ADD COMMENT • link updated 5.6 years ago by ATpoint 85k • written 5.6 years ago by gulamaltab • 0

0

Entering edit mode

What if you try to align R1 or R2 independently? There might be an issue with insert sizes.

ADD REPLY • link 5.6 years ago by igor 13k

0

Entering edit mode

I will try that, If I do that how do I combine the files in the end? is it possible?

ADD REPLY • link 5.6 years ago by gulamaltab • 0

ATpoint · Answer 1 · 2019-04-16

1

Entering edit mode

5.6 years ago

ATpoint 85k

My guess is that your raw data are not properly (or not at all) trimmed for adapter sequences. In miRNA-seq, your targets are typically small, somewhat < 30bp. Your read length is probably 2x50bp or longer so you will pick up adapter content. Bowtie2 unlike Bowtie by default supports local alignments which means it can soft-clip non-matching (=adapter) content while still align the local part of the read that matches the reference. With Bowtie the read will probably go unaligned due to the many mismatches. Please run fastqc and post the adapter content part (How to add images to a Biostars post) or if you did trimming show the command line.

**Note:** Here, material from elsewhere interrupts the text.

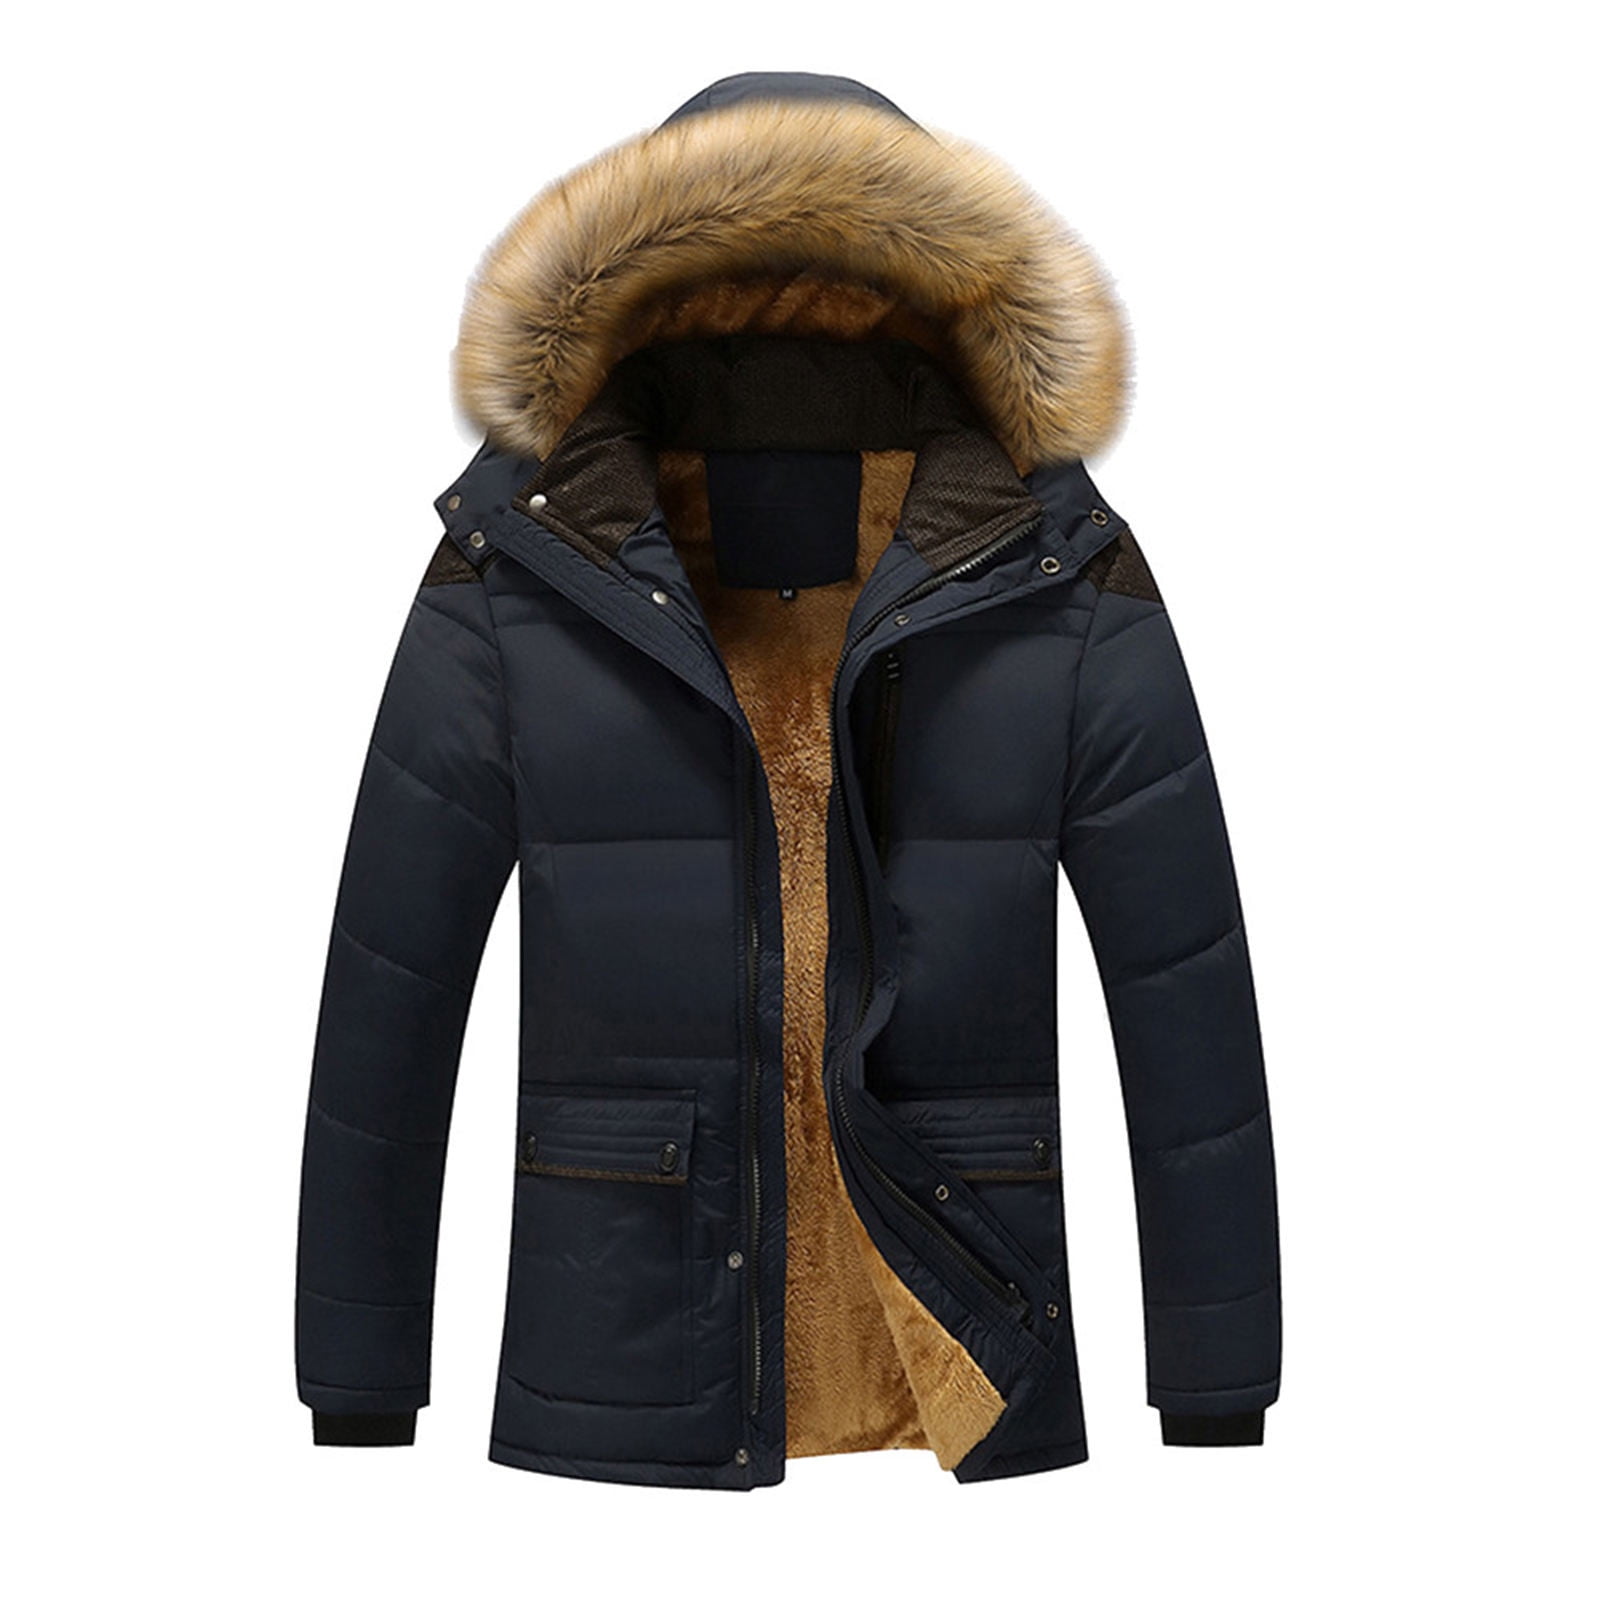 KaLI_store Mens Winter Parkas Men Winter Warm Coat Jacket Outwear Men's ...

Also, just to be sure, your index is in a folder called bwa, hope this is co-incidence and you are not trying to use a bwa index with bowtie?

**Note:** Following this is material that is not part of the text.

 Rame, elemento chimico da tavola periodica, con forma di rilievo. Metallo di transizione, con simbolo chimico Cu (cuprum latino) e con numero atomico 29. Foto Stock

ADD COMMENT • link 5.6 years ago by ATpoint 85k

0

Entering edit mode

Hi ATpoint, I have checked the Fastqc on all my samples and adapters were trimmed. I have uploaded a picture of one of the sample. Yes I have indexed using bowtie-build and BWA is just the folder in that example above.

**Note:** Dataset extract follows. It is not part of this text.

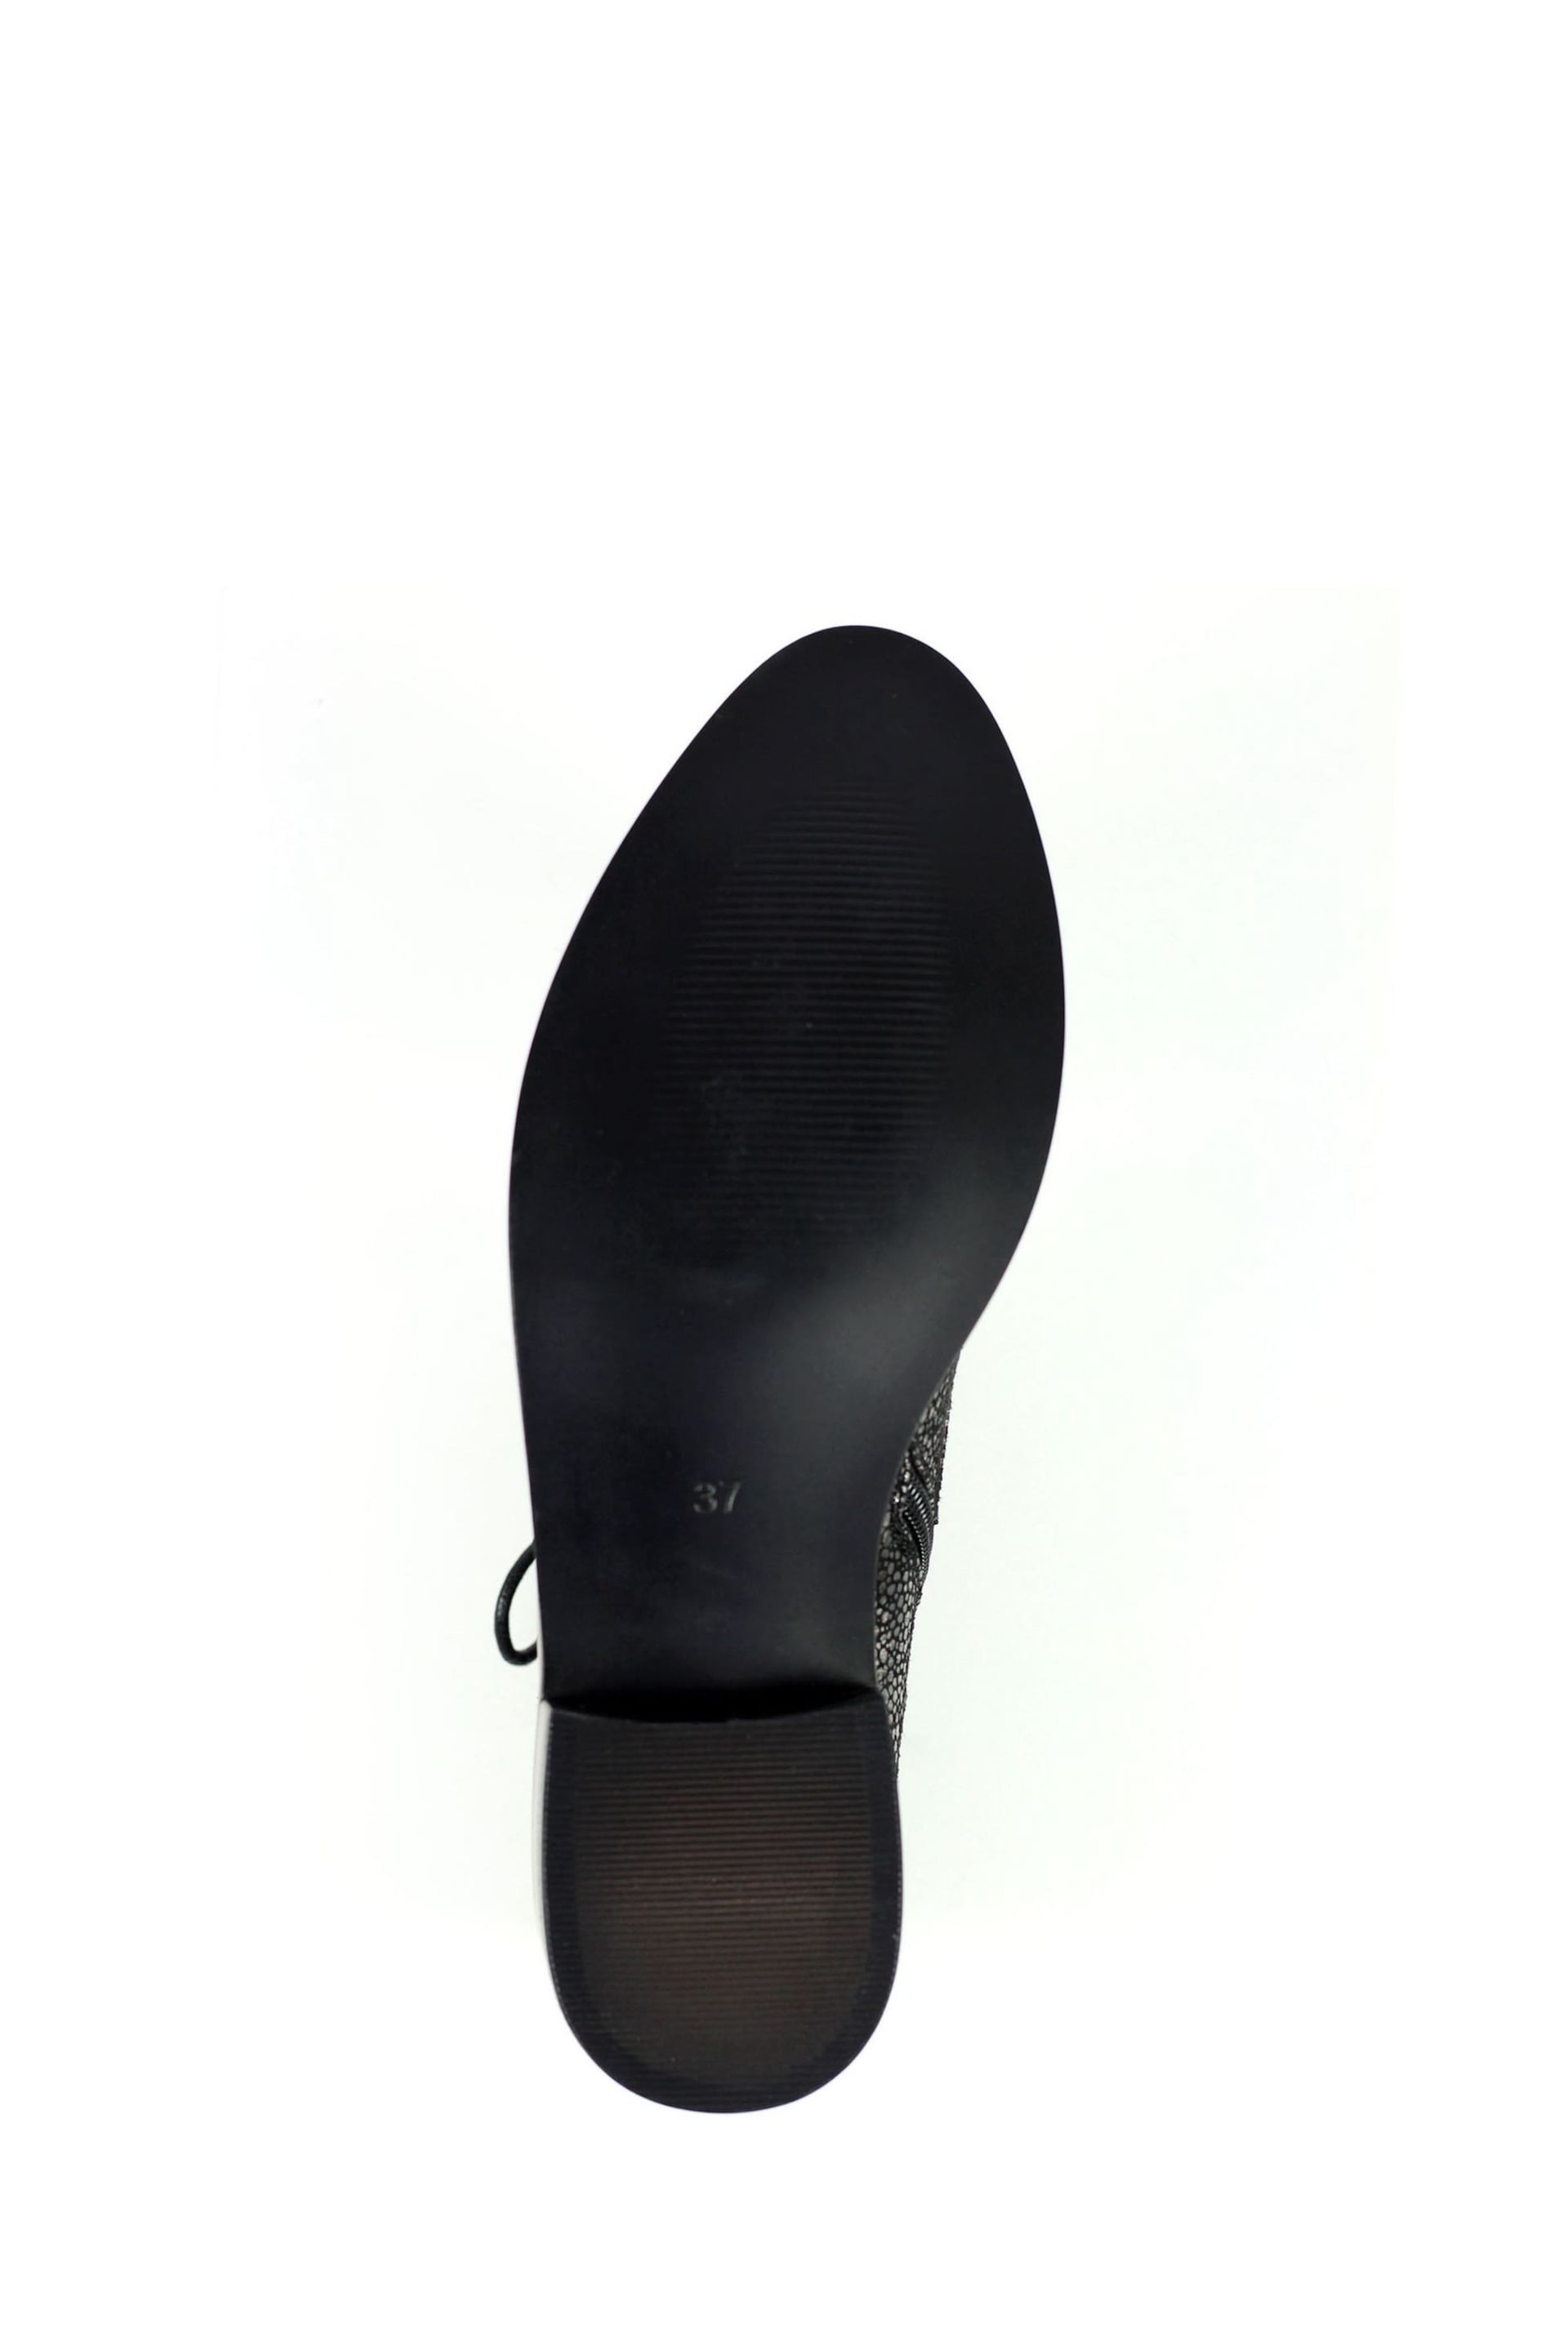 Lunar Caliban Black Ankle Boots - Image 8 of 9

enter image description here

ADD REPLY • link updated 5.6 years ago by ATpoint 85k • written 5.6 years ago by gulamaltab • 0

1

Entering edit mode

Something does not sound right about this.

Do you know why 150 bp PE sequencing was chosen if you are only looking at miRNA/small RNA libraries?
Have you checked to see what kit was used for creating these libraries? Many miRNA kits have specific instructions that include specific adapter sequence to look for (FastQC will not know about this) and how the data needs to be processed to remove these extraneous sequences before alignment.

I have tried bowtie2 which gave me 96% alignment rate.

Against the same genome? Have you looked in the alignment file to see if a large part of the read(s) is getting soft-clipped? I have a feeling that would be the case.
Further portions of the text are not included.